Opening up a joint bank account is one of the first things that some area seniors and their loved ones consider when they begin seriously analyzing their need to conduct New York estate planning. Providing a child or other trusted relative access to one’s finances is often the easiest way for a potential victim of elderly financial exploitation to provide an extra set of eyes on their finances. With many unscrupulous individuals willing to prey on vulnerable community members for their own financial advantage, some protection is better than none.
However, as was discussed in a March New York Times blog post, the joint bank account option is typically a dangerous and inadequate means of protecting a senior family members assets.
The joint bank account can create problems for both the senior and the co-signer. If for some reason the co-signer has financial problems, that individual’s creditors may be able to go after the senior’s account, regardless of the elder member’s connection to those debts. These accounts also include a right of survivorship, which entitles the family member who joins in the account to retain the proceeds following the older family member’s death. The potential for complicated family disagreements around that issue are clear and should be avoided.

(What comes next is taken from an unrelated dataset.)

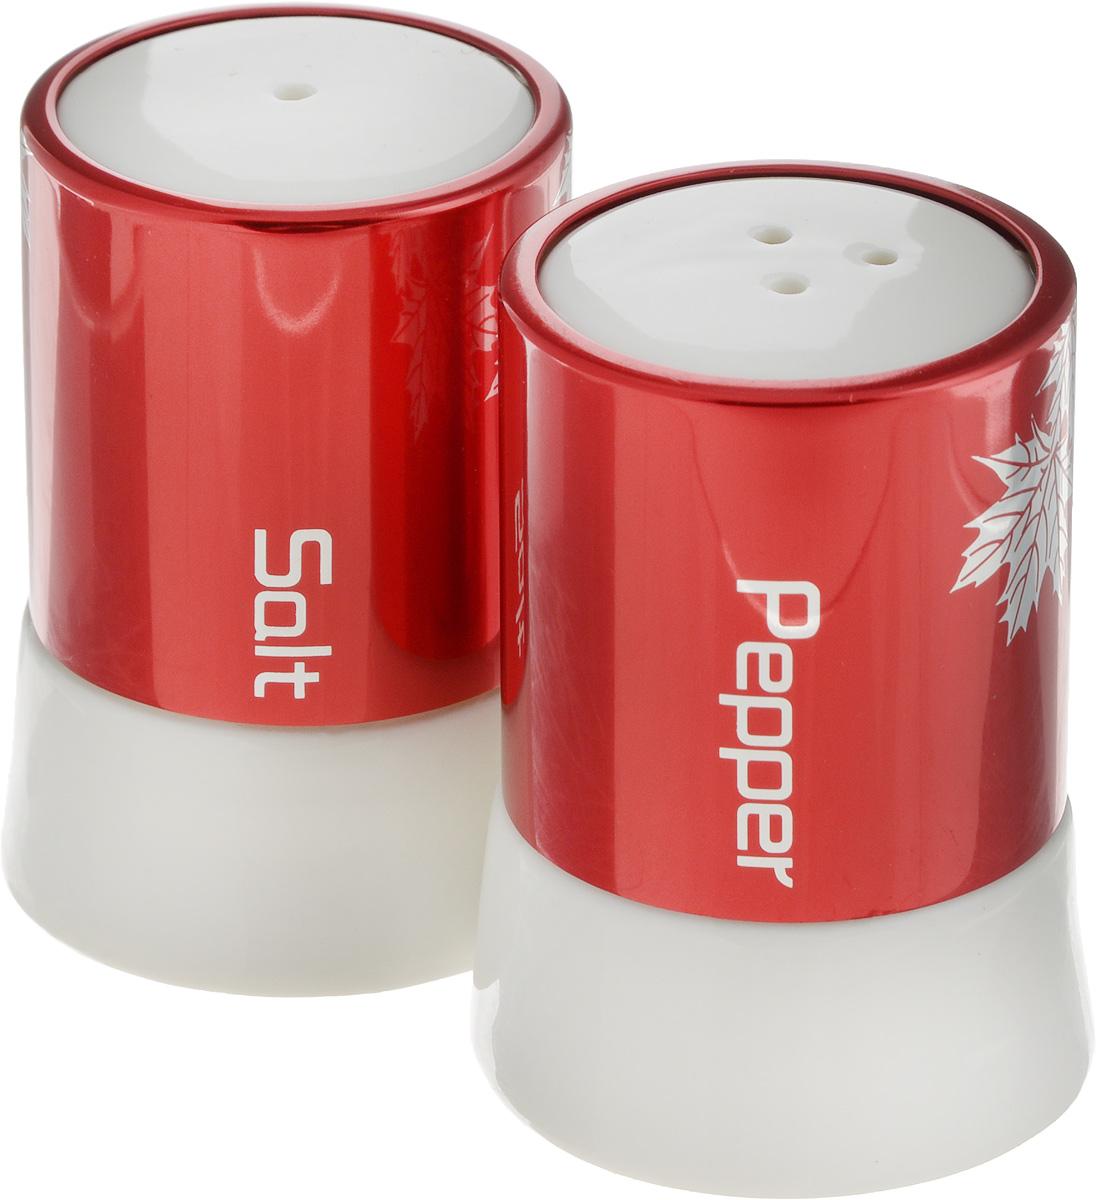 Набор для специй Barton Steel, цвет: красный, 2 предмета21395599Набор баночек для специи и приправ Barton Steel состоит из 2 баночек, которые идеально подходят для соли, перца, красного перца, сахара, кориандра, мяты, базилика, розмарина, корицы, горчицы. Корпусы контейнеров сделаны из сочетания фарфора и металла, они имеют гладкий дизайн. Этот набор оригинального дизайна и безукоризненного качества станет украшением вашего стола.Размер баночек для специй: 7,5 х 5 х 5,5 см.

Fortunately much more comprehensive, tailored, and effective means of protecting and preparing an estate are available. For example, a New York elder law attorney would be able to explain that a more logical solution may be for a family to create a durable power of attorney. This legal instrument often provides more balance to fill the needs of an aging senior–this option comes with both rights and responsibilities for the family members involved.
No families are in exactly the same circumstances, and they all have somewhat different needs. No matter what the situation, however, it is important to contact professional help when it comes to these often complex estate issues. Even if the opening of a joint bank account makes sense for you, it is always advisable to have a New York estate planning attorney inspect the account agreement to ensure that it will act as you intend.